╭─ Supplied information

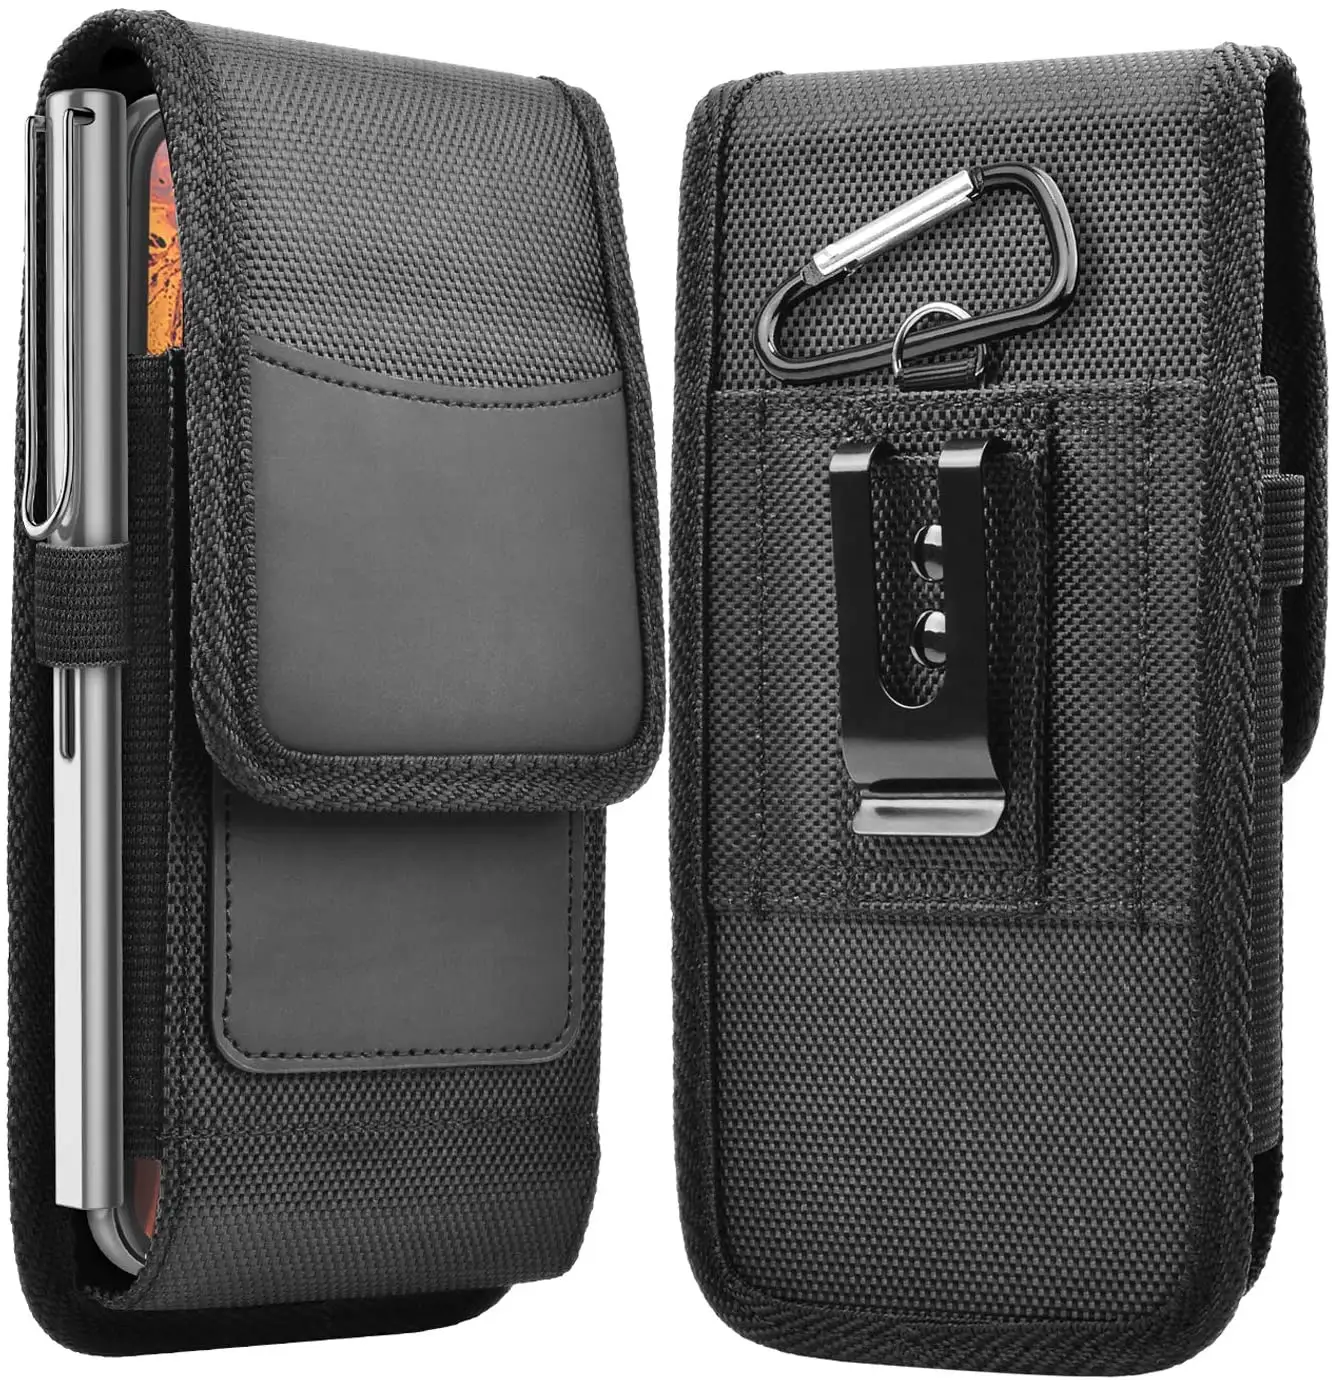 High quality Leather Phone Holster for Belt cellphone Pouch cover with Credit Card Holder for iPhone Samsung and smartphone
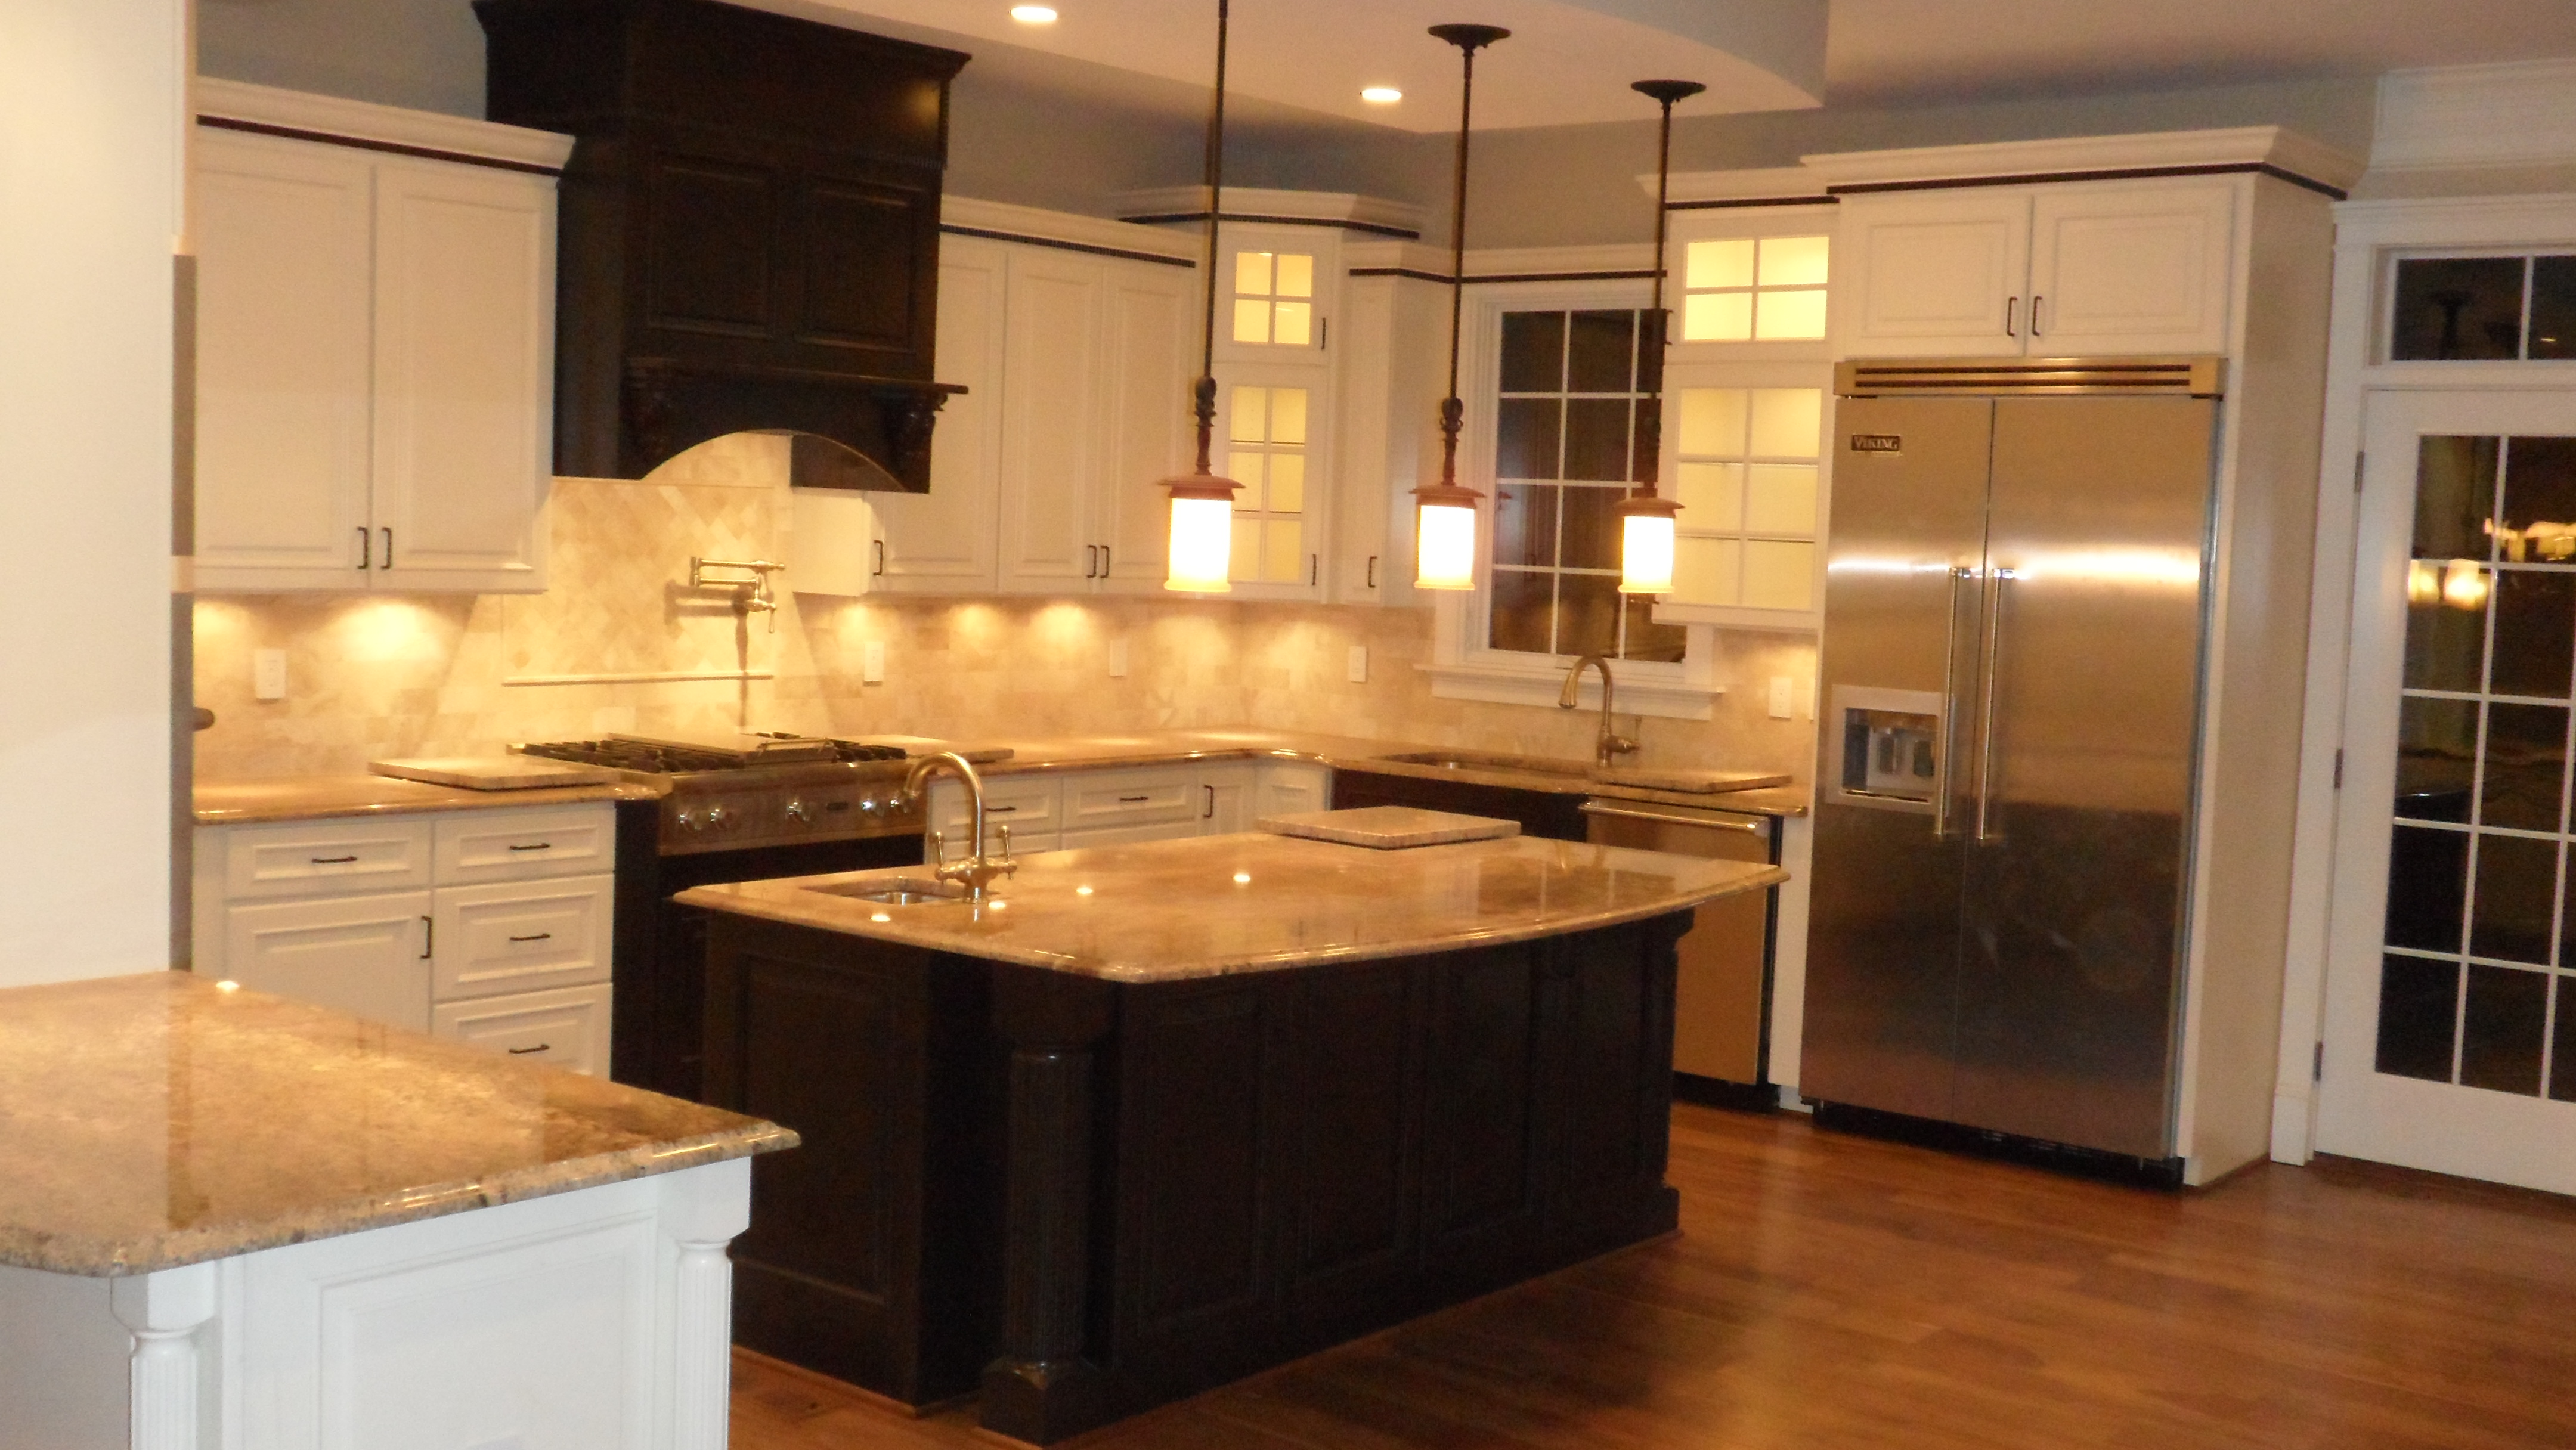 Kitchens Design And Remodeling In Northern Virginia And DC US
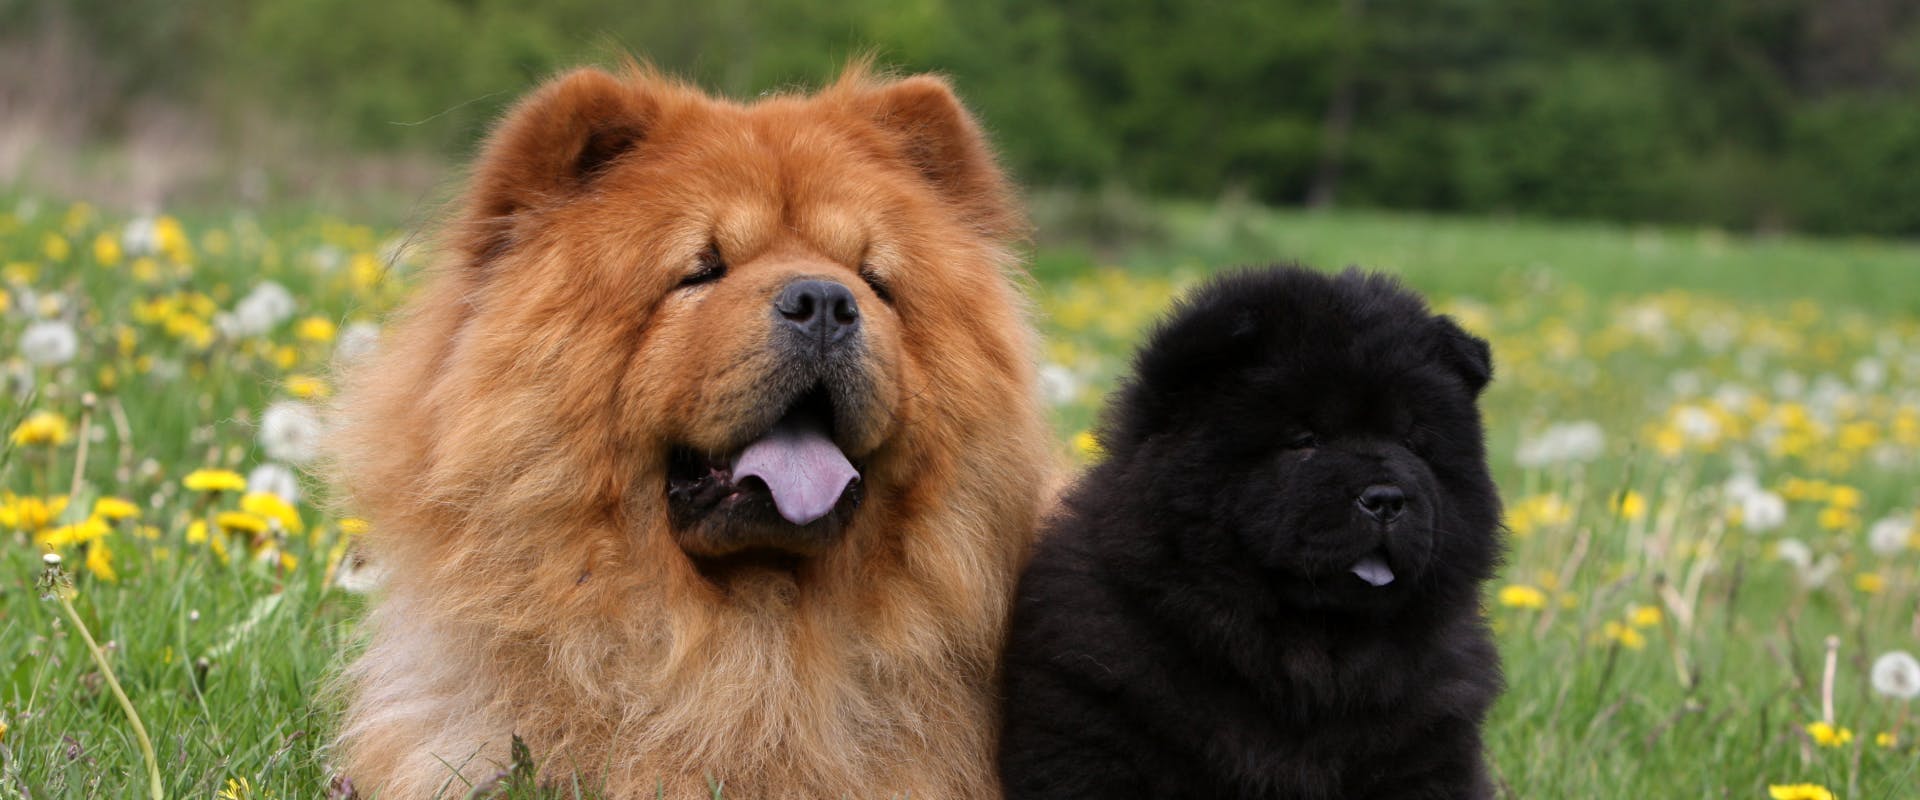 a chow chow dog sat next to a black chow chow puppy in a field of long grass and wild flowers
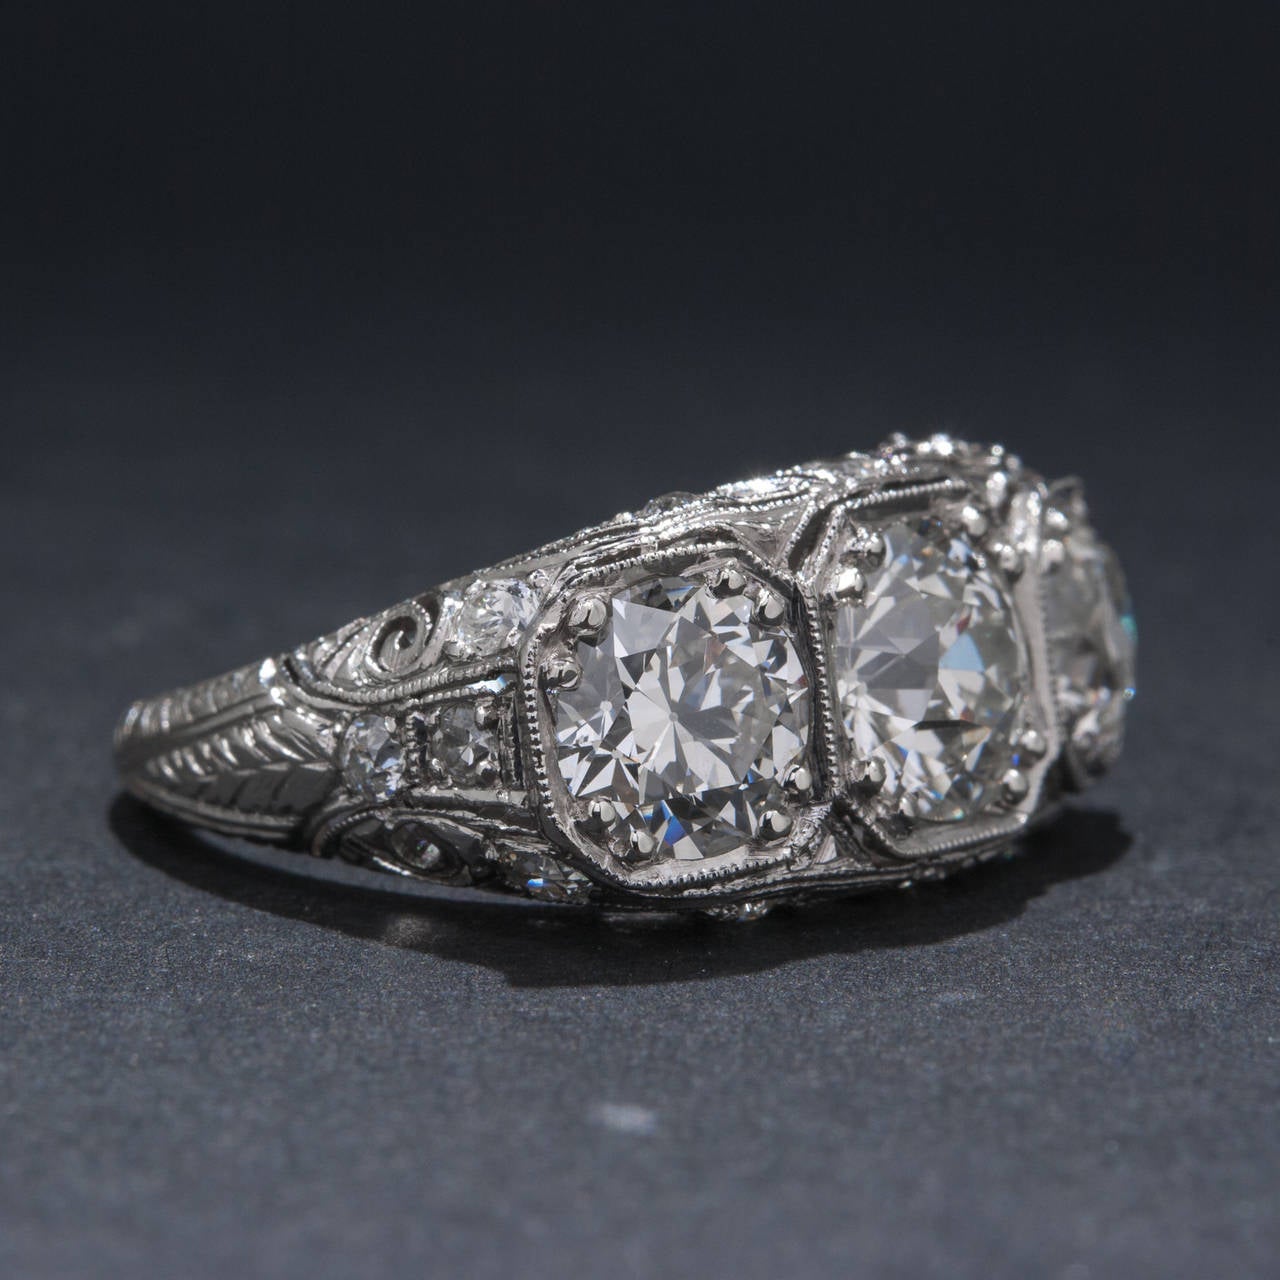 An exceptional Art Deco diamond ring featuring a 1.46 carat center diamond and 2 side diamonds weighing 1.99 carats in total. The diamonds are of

╰─

> **What to produce**
Write out an exact copy of the listing, first line through the line containing "Kitchens Design And", with the pictures left out.

> **Result of this task**
 High quality Leather Phone Holster for Belt cellphone Pouch cover with Credit Card Holder for iPhone Samsung and smartphone
 Kitchens Design And Remodeling In Northern Virginia And DC US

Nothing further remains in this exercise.